Jeśli chodzi o rynek akcji, jeśli będziemy spadać tak jak to wielu przepowiada, to poczekam na mocne spadki i dokupię trochę walorów, które już posiadam by uśrednić ich cenę w dół. Pod ten cel w najbliższych miesiącach będę gromadził kapitał z dwóch źródeł (oszczędności z wypłaty) oraz zyski z kontraktów terminowych (które zakładam, że będą rosły). Możliwe też, że częściowo naruszę mój fundusz bezpieczeństwa, bo moim skromnym zdaniem póki nie dotarliśmy do 2900/3000 pktów, to wszystkie akcje są bardzo tanie i będzie można na nich na przestrzeni lat zarobić.
Tutaj małą dygresja

Jestem także w trakcie poszukiwania nowych sposobów przypływu gotówki i poważnie rozmyślam nad zajęciem się pisaniem prostych aplikacji na iPhone, które później można sprzedawać za pośrednictwem appstore Apple - czyli sieć dystrybucji jest już gotowa do użycia. Na pewno jeśli zdecyduje się na ten krok to opiszę jak wygląda życie takiego developera na tym blogu.

piątek, 29 stycznia 2010

Zmiany w portfelu - 29.01.2010

Na sesji w dniu dzisiejszym zamknąłem krótką pozycję na poziomie 2373 (zysk: +27 pktów), oraz otworzyłem pozycję długą na tym samym poziomie. Miesiąc się już dla giełdy zakończył, więc w weekend będzie trzeba zrobić podsumowanie działań inwestycyjnych w styczniu i przygotować strategię na miesiąc luty.
Cel pozostaje niezmienny: zarabiać i powiększać stan portfela ignorując przy tym zbędny szum informacji wybierając to co najlepsze i to co przynosi zyski bez zbędnego biadolenia i rozmyślania.
Na pewno, i to po raz kolejny, okazało się, że najprostsze metody są najskuteczniejsze.

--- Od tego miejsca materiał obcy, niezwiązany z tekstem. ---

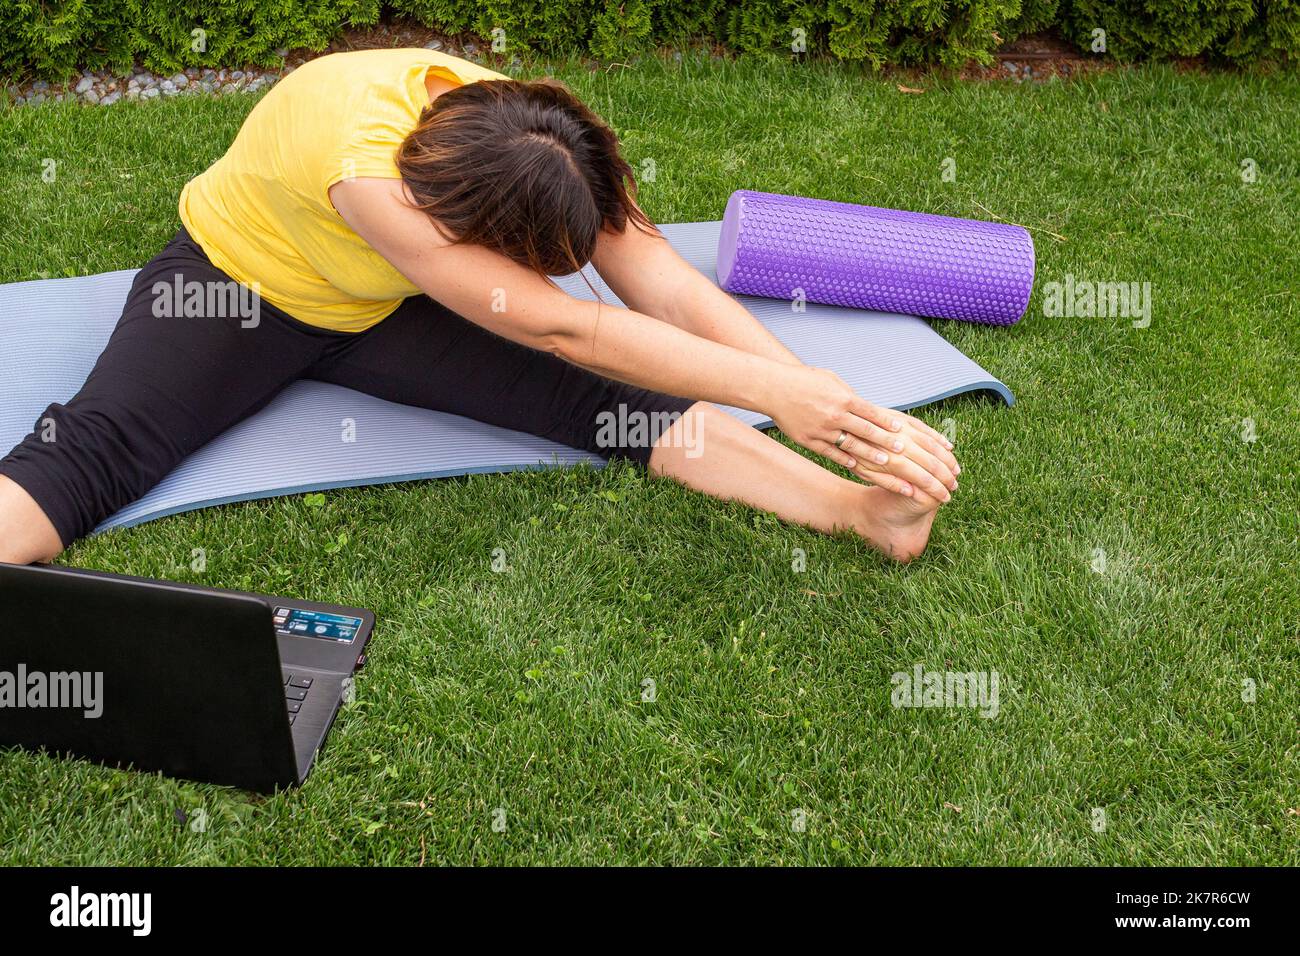 Mujer acostada en una colchoneta de yoga haciendo ejercicios de estiramiento Tomando una clase en línea en un prado en verano Foto de stock
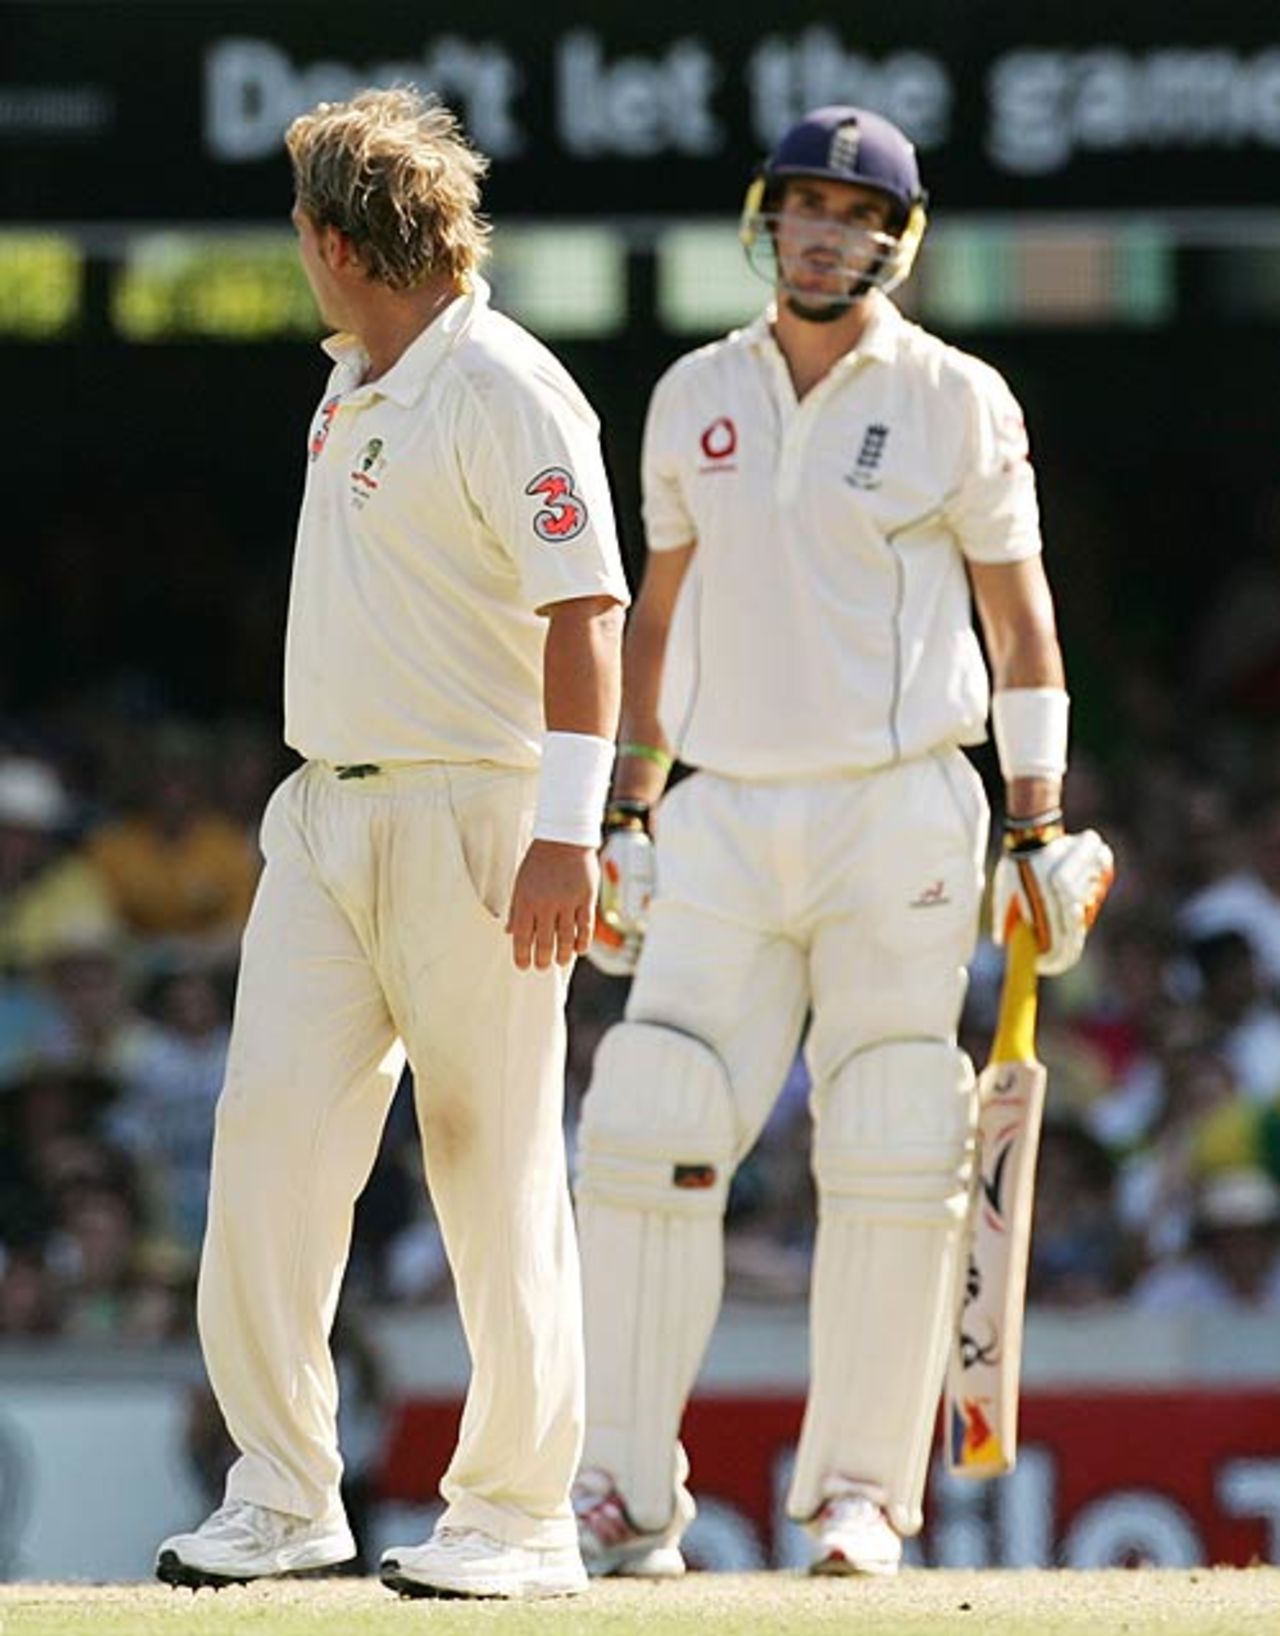 Shane Warne looks back at Kevin Pietersen after an unsuccessful appeal, Australia v England, 1st Test, Brisbane, November 26, 2006

Zmiany w portfelu - 28.10.201

Zamknięta długa pozycja na poziomie 2400 (strata: -5 punktów). Otworzona pozycja krótka na poziomie 2400 punktów. Jak widać po rozwoju ostatnich wydarzeń z zakupem BRE można było poczekać, no ale przewidywanie przyszłości pozostawię innym, myślę, że miejsce gdzie się zahaczyłem za jakiś czas zacznie zarabiać, na razie odkładam gotówkę na następne zakupy w przypadku mocnej korekty.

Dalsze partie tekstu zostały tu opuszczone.